Here are items to look up in your notes, the course home page, labs, and readings. If you recognize all of them, you should be fine going into the midterm.

  • What is a biodiversity hotspot? California is one of these. Why? What makes California so very biodiverse?

  • Difference between transects and quadrats

  • What is a floristic key and how does it work?
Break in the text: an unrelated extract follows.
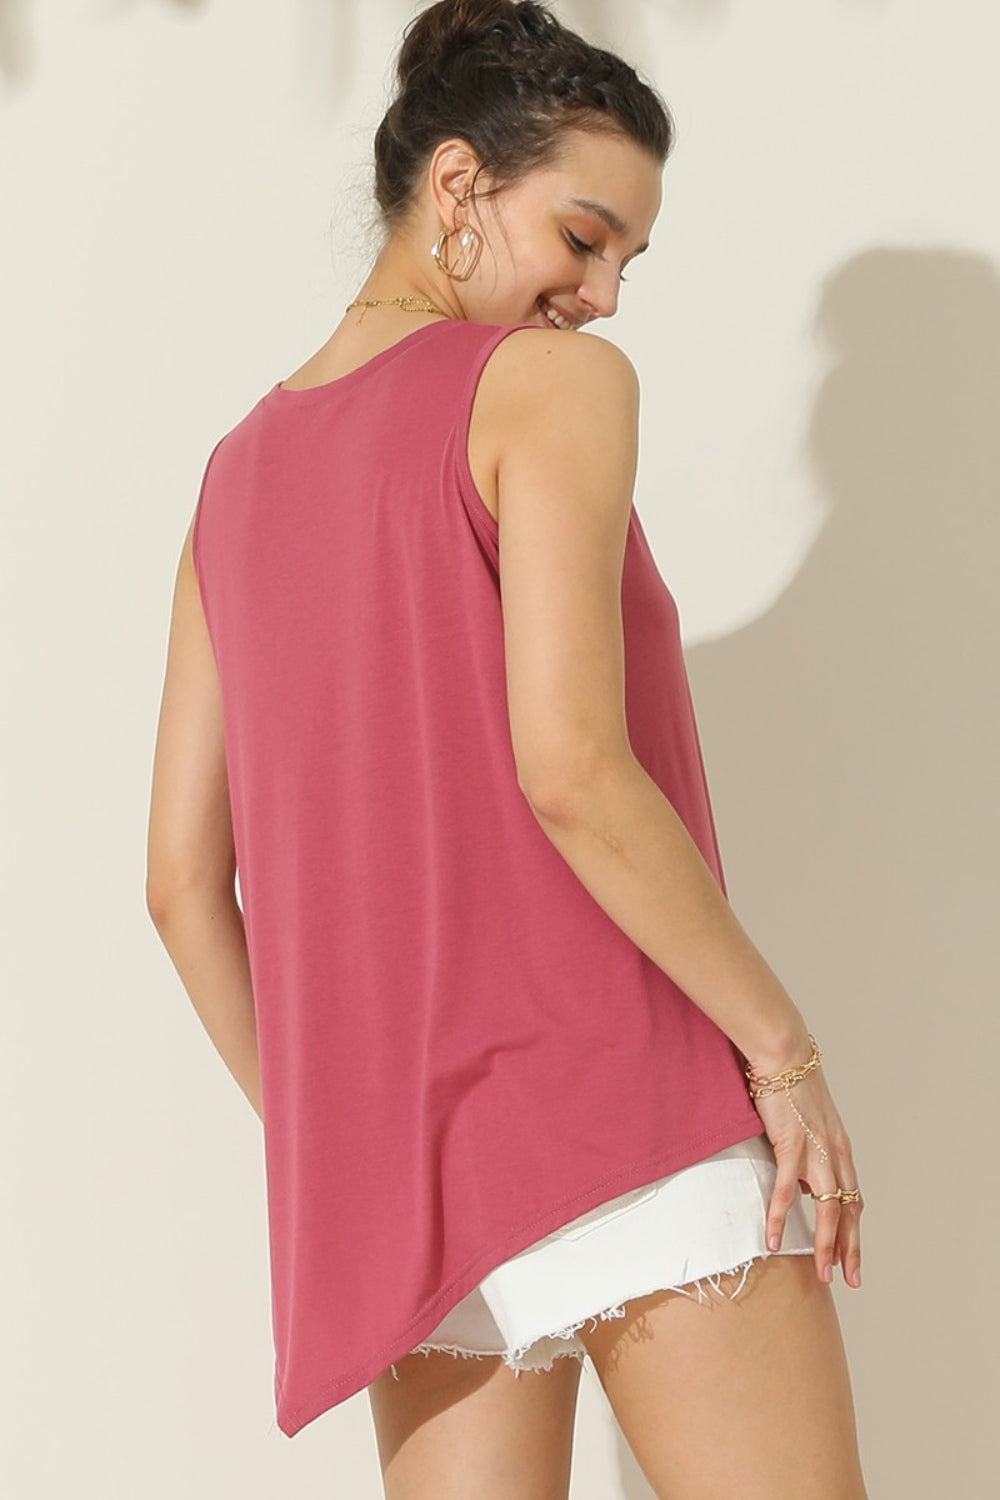 The Buttoned Uneven Hem Tank is a stylish and contemporary addition to your summer wardrobe. With its button-front design and uneven hemline, this tank top offers a unique and trendy look. The button detailing adds a touch of sophistication, while the uneven hemline adds an element of asymmetry and visual interest.  S  - XL

  • Alpha diversity, beta diversity, and gamma diversity

  • What is the main advantage and the main shortcoming of using species richness (e.g., alpha and gamma diversity) as a measure of biodiversity?

  • Leaves
    • Simple vs. compound leaves
    • Alternate, opposite,and whorled leaf arrangements
    • Leaf margins: entire, lobed, toothed, crenulate, dentate, serrate, spinose
    • Leaf shapes: linear, lanceolate, elliptical, oblong, etc.
    • Leaf texture: membranous vs. sclerophyllous
    • Leaf surfaces: glabrous, glaucous, pubescent and puberulent, hispid, nettlesome, tomentose, glandular/viscid

  • Flowers:
    • Perianth
    • Calyx
    • Sepals
    • Corolla
    • Petals
    • Corolla shape: cylindrical, funnelform, salverform, rotate, campanulate, urceolate
    • Corolla symmetry: regular, irregular (two-lipped, papilionaceous)
    • Pistils: stigma, style, ovary
    • Stamens: anthers, filaments
    • Exserted vs. included stamens and pistils

  • Gender in flowers:
    • Perfect flowers
    • Pistillate or carpellate flowers
    • Staminate flowers
  • Gender in plants:
    • Androgenous plants
    • Monoecious plants
    • Dioecious plants
    • Polygamous plants

  • Inflorescences:
    • Florets vs. flowers
    • Indeterminate vs. determinate inflorescences
    • Spike, catkin, spadix
    • Raceme, panicle, corymb, umbel
    • Cyme
    • Thyrse
    • Composite heads: radiate, ligulate, discoid
    • Solitary flowers: terminal, axial
    • Bracts, spathes, involucres, phyllaries

  • Fruits vs. seeds
    • Fleshy fruits: drupes, accessories, aggregates, multiple fruits, berries, pepos, pomes
    • Dry fruits: samaras, achenes, caryopses, follicles, legumes, siliques/silicles, capsules
    • Why are some fruits so juicy and tasty and others are dry?

  • Herbaria
    • What is an herbarium?
    • What was the traditional scientific use of herbarium collections?
    • How has digitizing them and placing them online changed their uses?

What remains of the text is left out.